§ **SOURCE DATA**
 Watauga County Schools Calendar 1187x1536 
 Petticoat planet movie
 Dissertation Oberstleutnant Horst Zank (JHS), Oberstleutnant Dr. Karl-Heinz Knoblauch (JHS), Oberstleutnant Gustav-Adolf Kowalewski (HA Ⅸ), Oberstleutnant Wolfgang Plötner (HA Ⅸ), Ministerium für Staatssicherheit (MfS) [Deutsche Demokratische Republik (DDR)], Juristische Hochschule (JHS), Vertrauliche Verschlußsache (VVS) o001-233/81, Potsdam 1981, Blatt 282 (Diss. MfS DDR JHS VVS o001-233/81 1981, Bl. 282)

§ **PROBLEM REQUIREMENTS**
Everything in the listing above should be printed again exactly.

§ **RESPONSE AREA**
 Watauga County Schools Calendar 1187x1536 
 Petticoat planet movie
 Dissertation Oberstleutnant Horst Zank (JHS), Oberstleutnant Dr. Karl-Heinz Knoblauch (JHS), Oberstleutnant Gustav-Adolf Kowalewski (HA Ⅸ), Oberstleutnant Wolfgang Plötner (HA Ⅸ), Ministerium für Staatssicherheit (MfS) [Deutsche Demokratische Republik (DDR)], Juristische Hochschule (JHS), Vertrauliche Verschlußsache (VVS) o001-233/81, Potsdam 1981, Blatt 282 (Diss. MfS DDR JHS VVS o001-233/81 1981, Bl. 282)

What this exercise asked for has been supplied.